Which cell type is responsible for K+ secretion in the late DCT and CD?
Principal cells
Name the five main factors that affect K+ secretion by principal cells in the late DCT and CD.
- [K+]plasma
- Aldosterone
- K+ channel activity
- Na+ channel activity
- Na+ delivery to principal cells (reabsorption)
Some duretics decrease sodium ________ upstream of DCT and CD principal cells, which ________ (increases or decreases) potassium secretion.
Some diuretics decrease sodium reabsorption upstream, making the lumen in the DCT and CD less negatively charged, increasing potassium secretion.
How does furosemide affect potassium reabsorption and secretion? Explain the two ways these are affected.
Furosemide inhibits potassium reabsorption via (1) inhibiting the Na+/2Cl-/K+ cotransporter in the thick ascending loop of Henle and (2) that inhibition puts more Na+ in the lumen so DCT and CD principal cells have more Na+ reabsorption –> more K+ secretion.
Therefore, Furosemide is a K+ wasting diuretic
How does Bartter’s syndrome affect potassium reabsorption and secretion in the kidneys?
For the same reasons furosemide wastes K+: inhibition of potassium reabsorption via (1) inhibiting the Na+/2Cl-/K+ cotransporter in the thick ascending loop of Henle and (2) that inhibition puts more Na+ in the lumen so DCT and CD principal cells have more Na+ reabsorption –> more K+ secretion.
How do Thiazide diuretics affect K+ secretion?
Thiazide diuretics inhibit the Na+/Cl- cotransporter in the early DCT (which normally reabsorb both ions). This makes the lumen have more Na+ –> more K+ secretion by DCT and CD principal cells. It is therefore a K+ wasting diuretic.
How does Gitelman’s syndrome affect K+ secretion?
The same way Thiazide diuretics do: inhibition of the Na+/Cl- cotransporter in the early DCT (which normally reabsorb both ions). This makes the lumen have more Na+ –> more K+ secretion by DCT and CD principal cells.
What are the two clinical features of Gitelman’s syndrome?
- Hypotension
2. Hypokalemia
What does Amiloride do? Does it waste K+?

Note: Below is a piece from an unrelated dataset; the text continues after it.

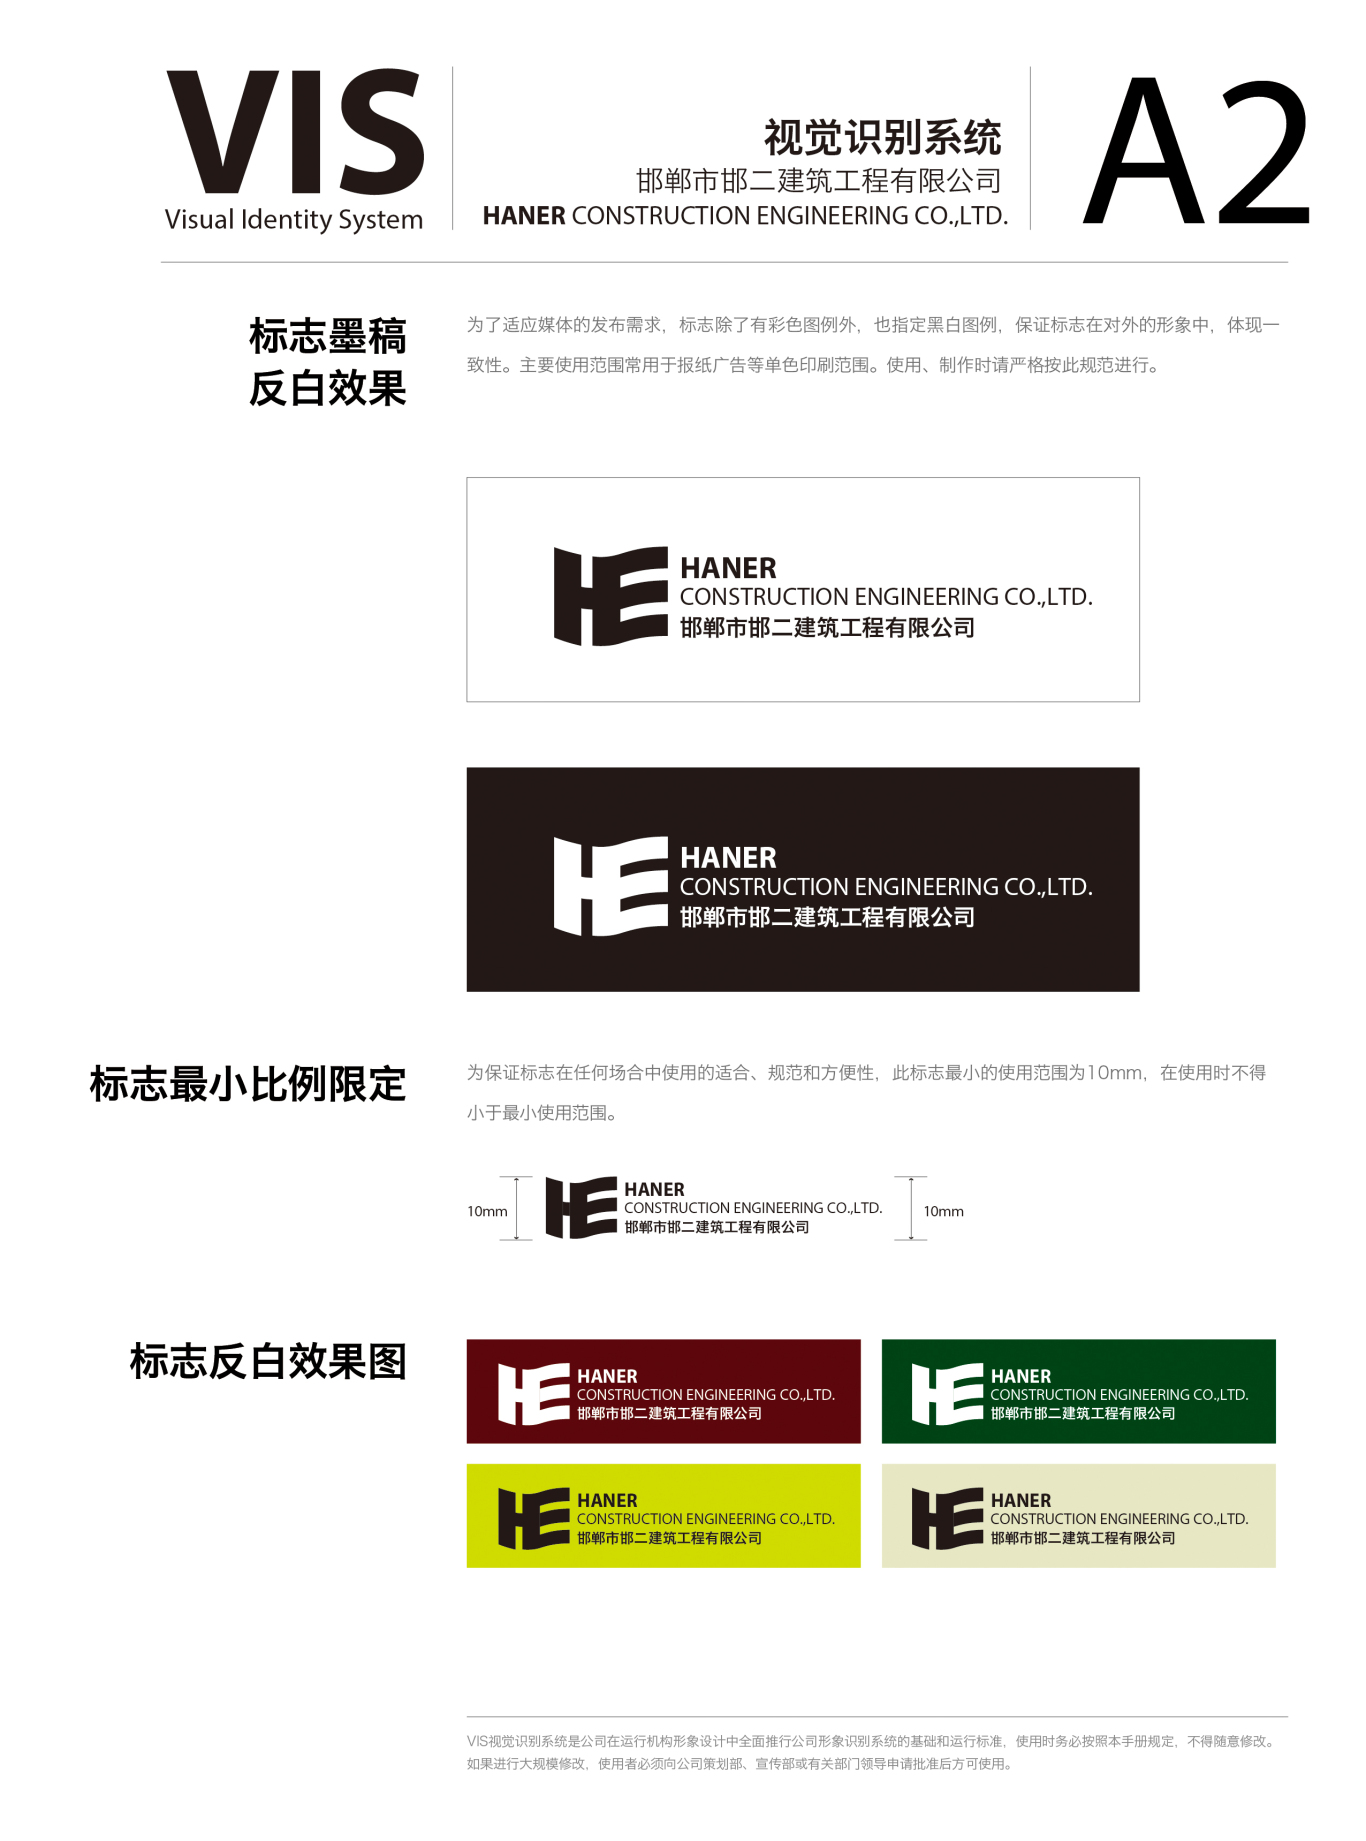 邯郸第二建筑有限公司logo 及 VIS图3

It decreases the activity of the Na+ channel in late DCT and CD cells. This spares K+
How does Liddle’s syndrome affect K+ reabsorption/secretion?

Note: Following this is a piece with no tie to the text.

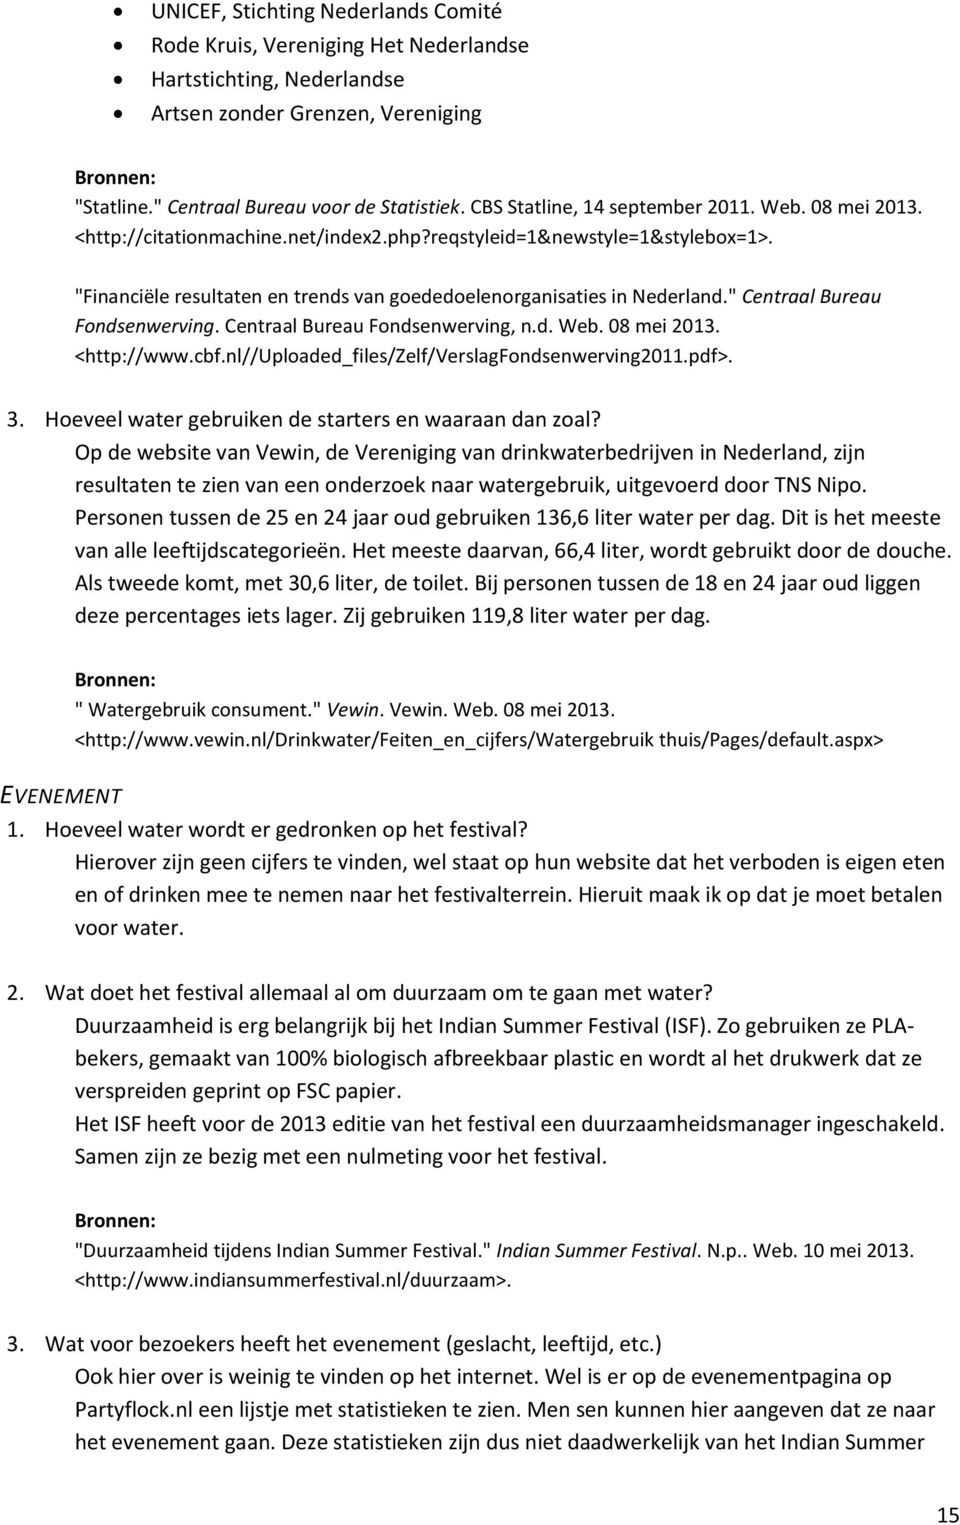 "Financiële resultaten en trends van goededoelenorganisaties in Nederland." Centraal Bureau Fondsenwerving. Centraal Bureau Fondsenwerving, n.d. Web. 08 mei 2013. <http://www.cbf.

Liddle’s increases the activity of the apical Na+ channel in late DCT and CD cells –> increased Na+ reabsorption –> increased K+ secretion –> hypokalemia
Where is most of a person’s calcium?
In bones
Where does calcium reabsorption happen in a nephron?
70% in the PCT, 20% in the thick ascending loop of Henle, 7% in the DCT
What are the two mechanisms of Ca2+ reabsorption in the PCT and what are their relative proportions? How is calcium transported in the thick ascending loop of Henle? What about in the DCT and CD?
Of the 70% of the Ca2+ reabsorption by the PCT, 80% of that occurs via paracellular transport, and 20% occurs transcellularly through apical Ca2+ channels.
Mechanisms are the same in the TAL except there is no solvent drag.
DCT and CD - transcellular transport only via Ca2+ channels.
How do PCT cells get rid of Ca2+ on the basolateral side?
- Ca2+ ATPase - it burns ATP to move the calcium across
2. Na+/Ca2+ antiporter - exchanges 3Na+ for one Ca2+
What two hormones are released in the setting of hypocalcemia and how do they affect the kidneys?
Calcitriol –> increased calcium reabsorption in the DCT
PTH –> increased calcium reabsorption in the loop of Henle and in the DCT
What does calcitonin do?
Released in response to hypercalcemia, it increases bone formation.